__INSTRUCTIONS FOR THE TASK__:
Retype the whole listing below exactly, keeping every picture out of it.

__EXERCISE DATA__:
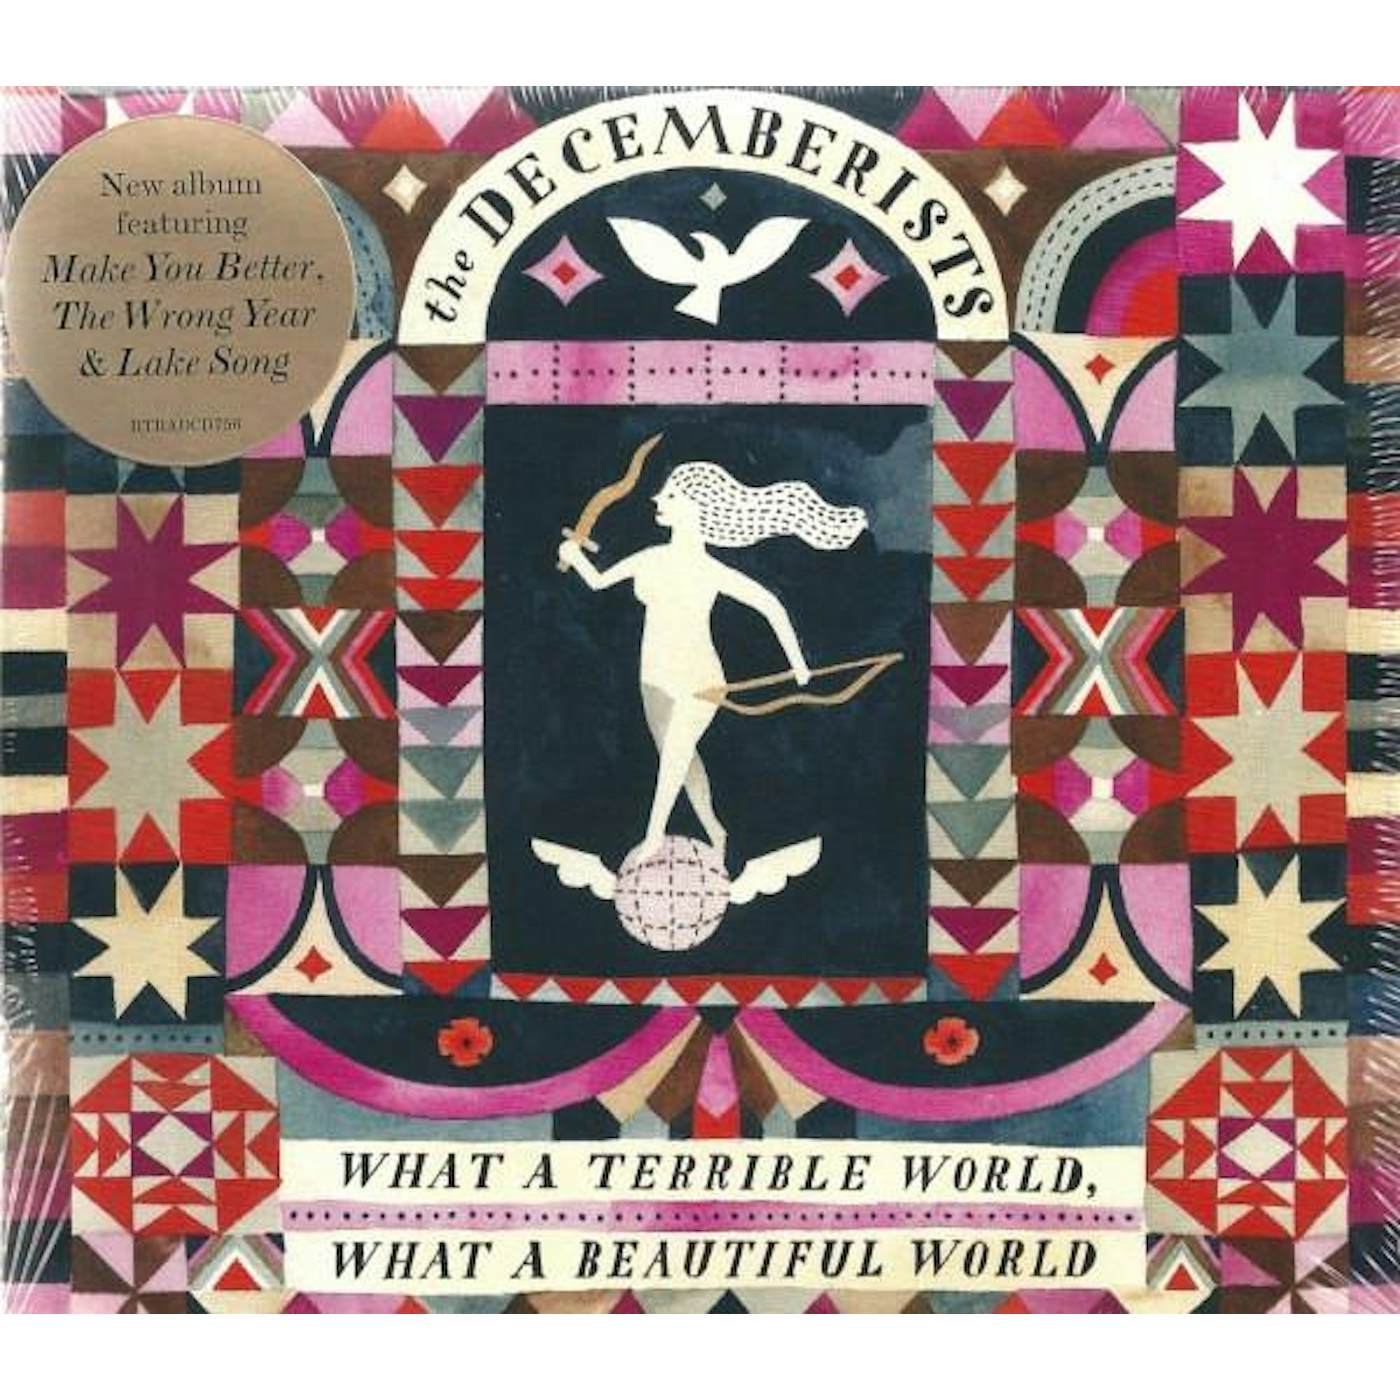 The Decemberists WHAT A TERRIBLE WORLD, WHAT A WONDERFUL WORLD CD
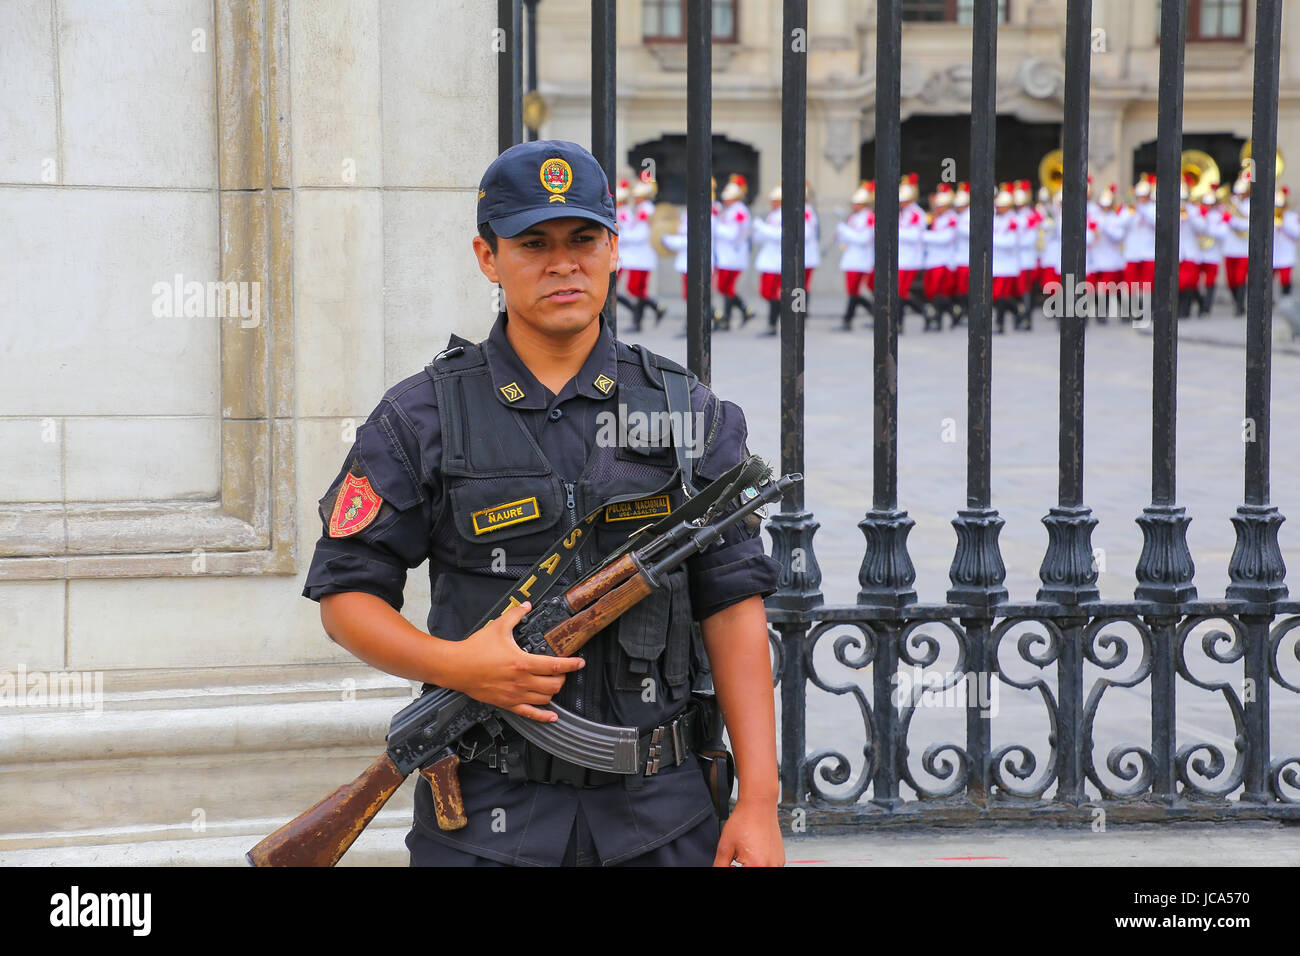 Policeman standing near Government Palace in Lima, Peru. Peruvian National Police is one of the largest police forces in South America. Stock Photo
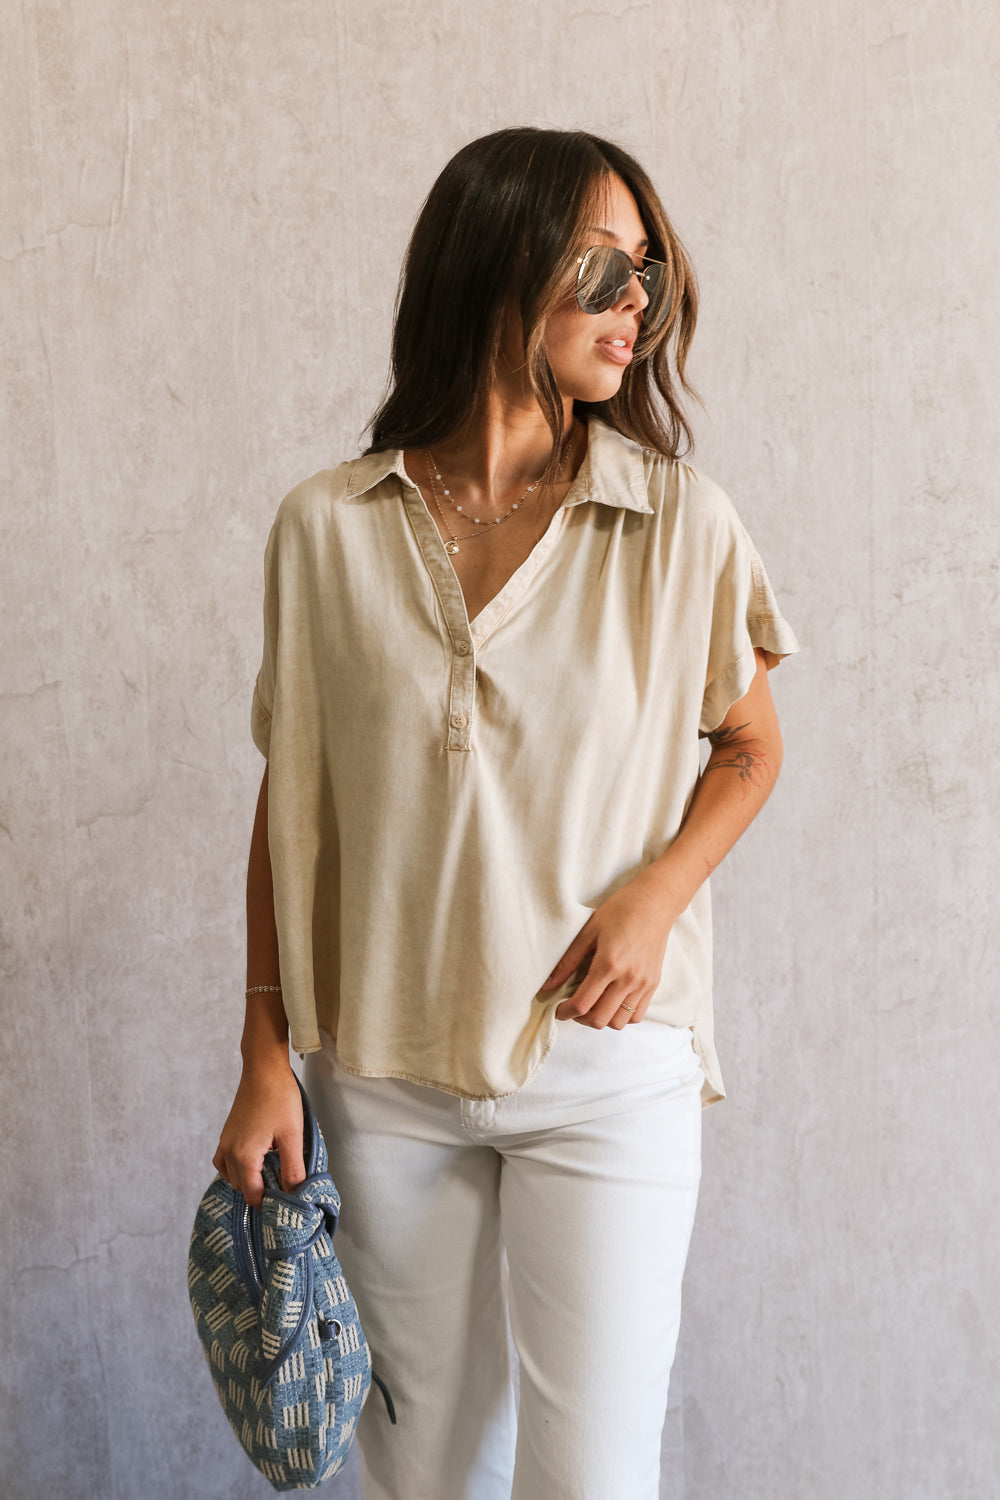 Upper body front view of female model wearing the Amalia Collared Short Sleeve Top in taupe, which has short sleeves and a collar neckline. Paired with white capris. Model is holding blue purse.

__TASK ANSWER__:
 The Decemberists WHAT A TERRIBLE WORLD, WHAT A WONDERFUL WORLD CD
 Policeman standing near Government Palace in Lima, Peru. Peruvian National Police is one of the largest police forces in South America. Stock Photo
 Upper body front view of female model wearing the Amalia Collared Short Sleeve Top in taupe, which has short sleeves and a collar neckline. Paired with white capris. Model is holding blue purse.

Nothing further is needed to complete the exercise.